Same. I’ve never understood curved trestle design…

The inner four sets have staggered joints, to avoid having them all land on the same bent. I’ve seen that in a prototype trestle, and maybe it’s to reduce the dependence on a single bent’s top sill, or keep them smooth, not sure…

For me, it’s to add rigity when moving the deck during assembly and installation.

The outer stringers should have had staggered joints as well, but with a curve this tight they’d look kinda dumb. So I made them follow the curve better.

I’ve decided to back those up with 8’ strips, bent, and without joints. I just laid them in loose, and yeah, they fit nicely. And now I’m wondering why I didn’t just use this method for the inner 4 stringers. Oh well.

Well at least you didn’t use radiused stringers :wink: :smiley:

The extra bent (as in bending) stringers are in, and everything seems sturdy. It pulled up from the jig fine, and I was able to flip it without a problem.

Final bit for the deck are some topside stringers, so that’s ready to go.
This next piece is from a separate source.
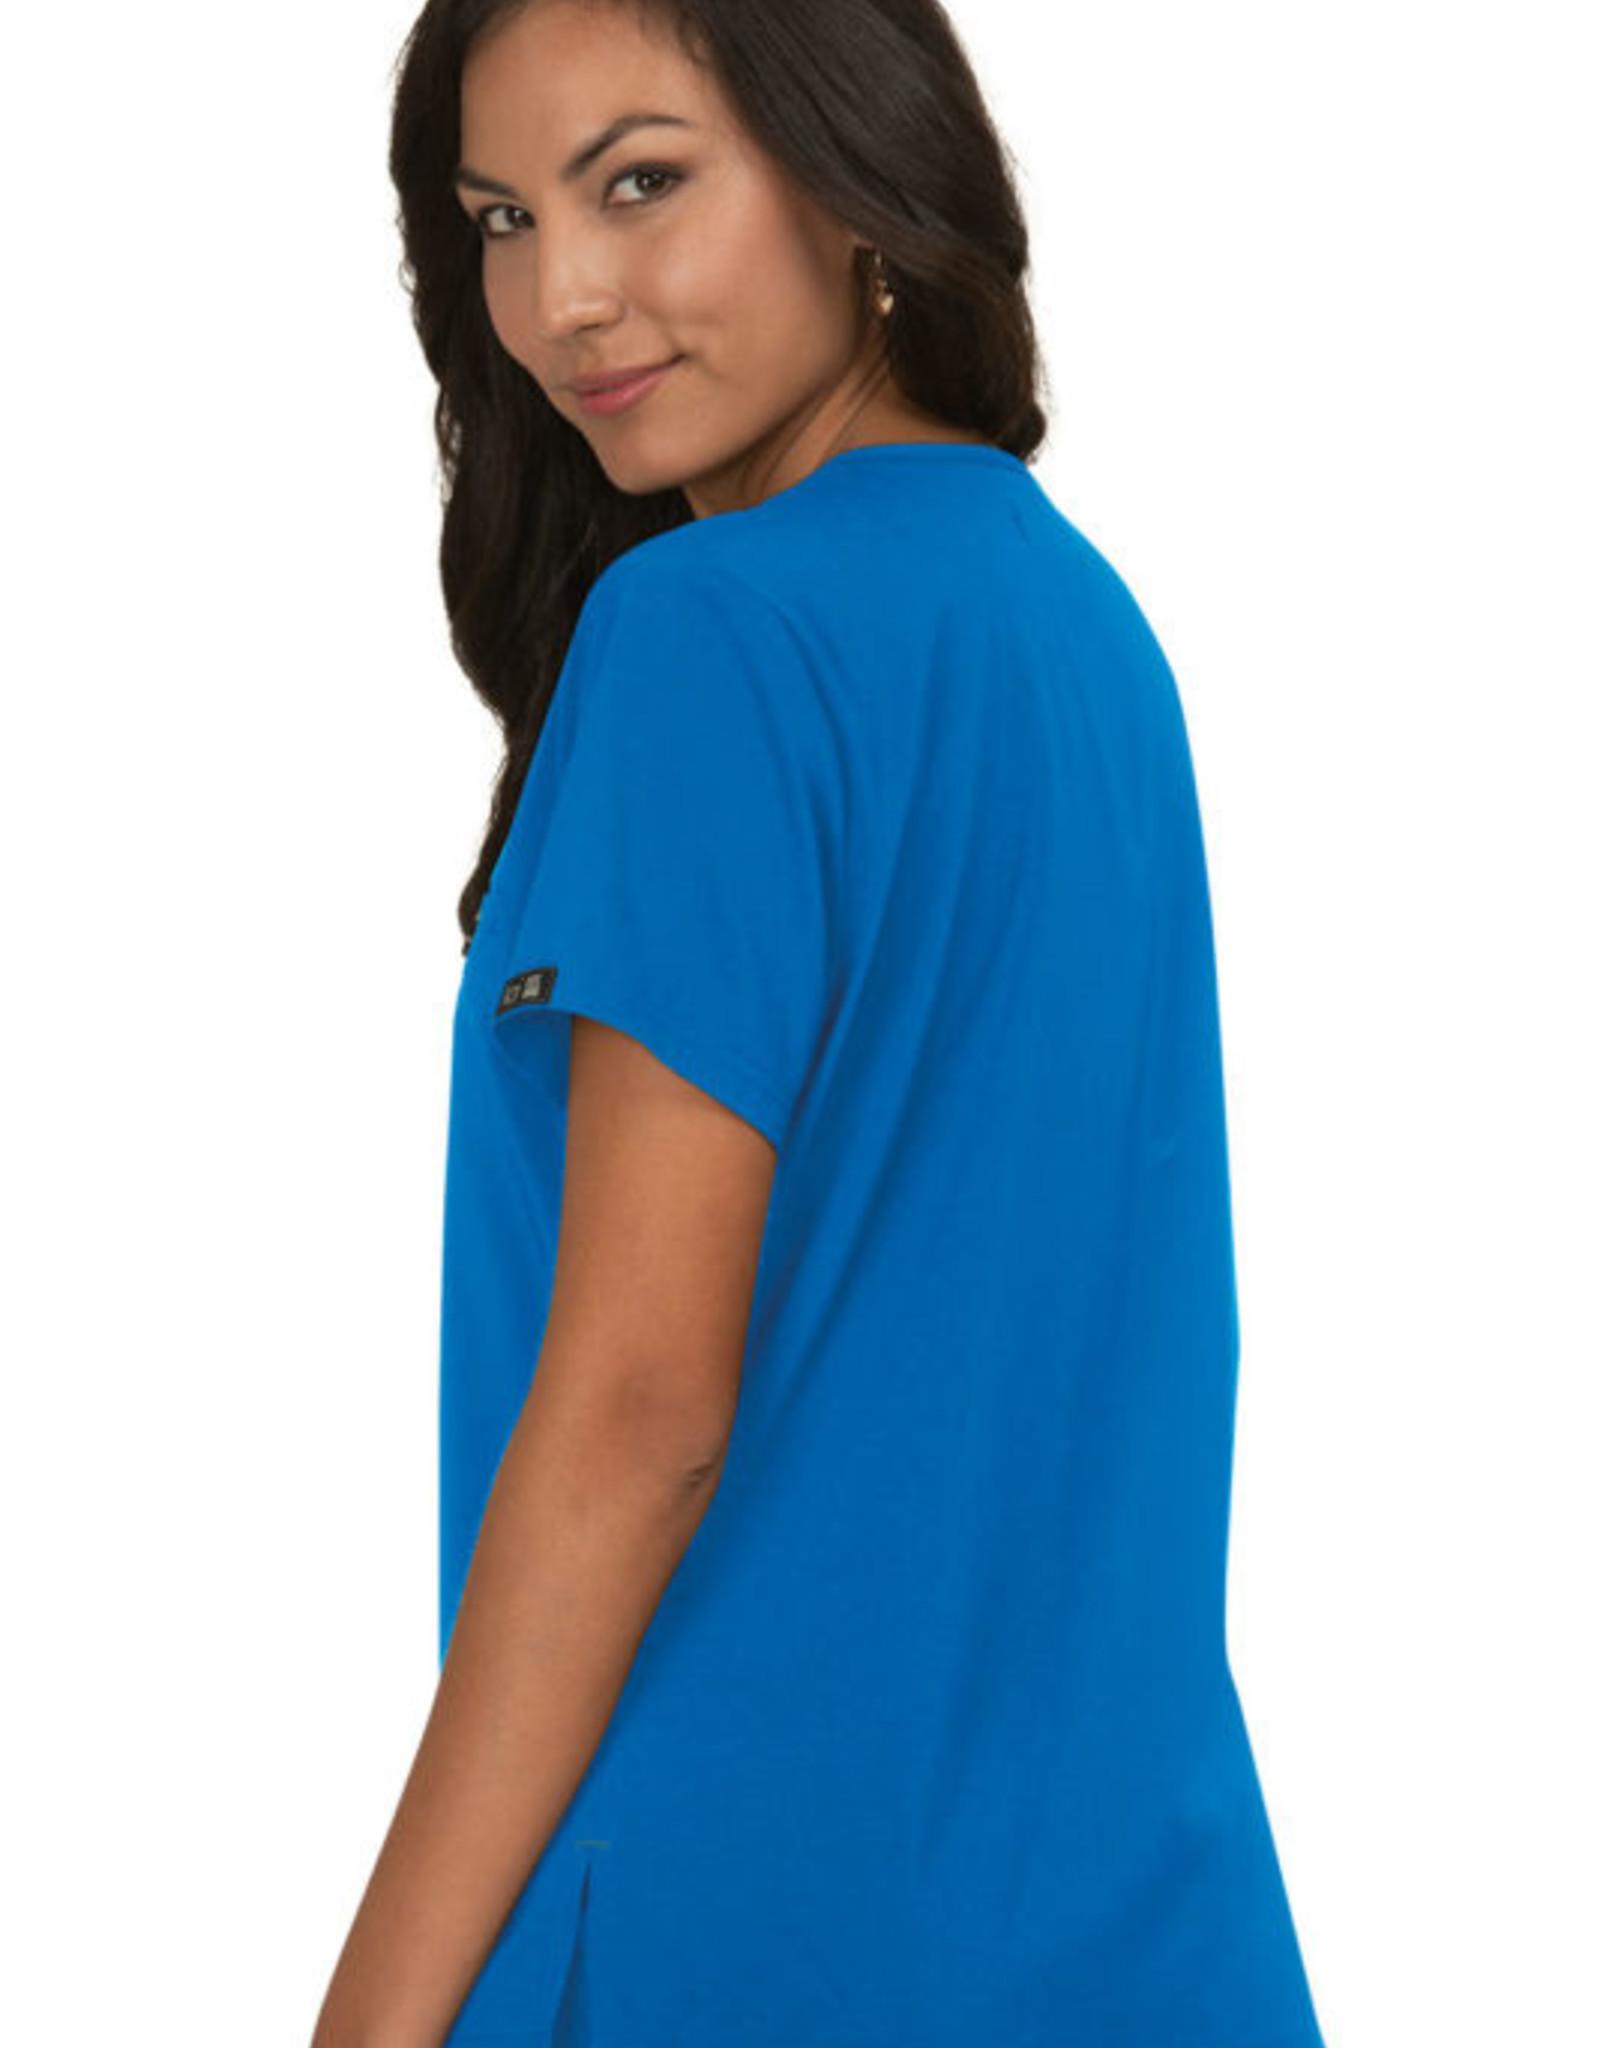 Koi Basics Koi 1011 Kade Tuck In Top Royal Blue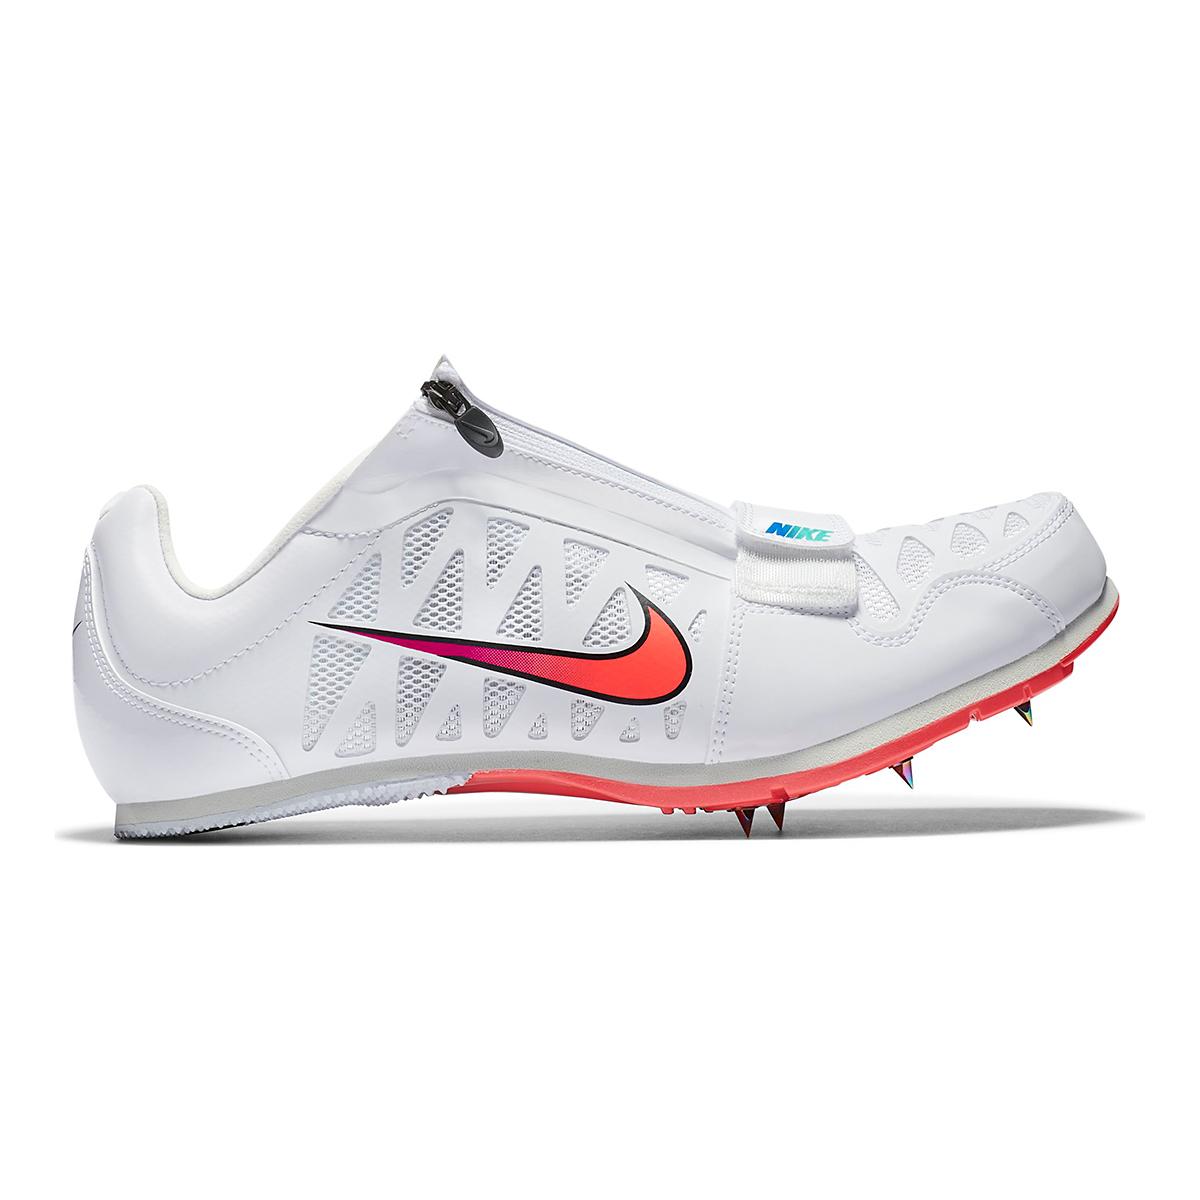 Nike Zoom Long Jump 4 Track Spikes - Color: White/Flash Crimson - Size: M4/W5.5 - Width: Regular, White/Flash Crimson, large, image 1

The plywood bits are to space the new parts away from the stringers below a consistent distance.

All I want is video “WITH AUDIO” of it being carried out to the layout!

i never would try to estimate, why Cliff did it, but…

to keep the rails straight/level on a wooden bridge/trestle “they” (the 1:1 engineers) came up with the idea, to stagger the longitudinal beams. (to evade, that a single bent could sink in more, than its neighbours)
so some lines of beams lay on bent one to three, three to five etc. while others lay on two to four, four to six, etc. (more than two bents long beams are hard to find)
on a curved trestle that came out as being zig-zagged against each other.

well, as in 1:1 they seldom build R1 curved trestles, it looks not as obvious, as in our scale.

ps: Cliff,
if you want a purrfect trestle, you might want to investigate, how they made the upright beams/posts on trestles, higher than one treetrunk-length…
(i did, but decided it would be too much work for something, that none of my visitors would ever notice) ((and as always, i was wrong. a carpenter noticed the too long posts))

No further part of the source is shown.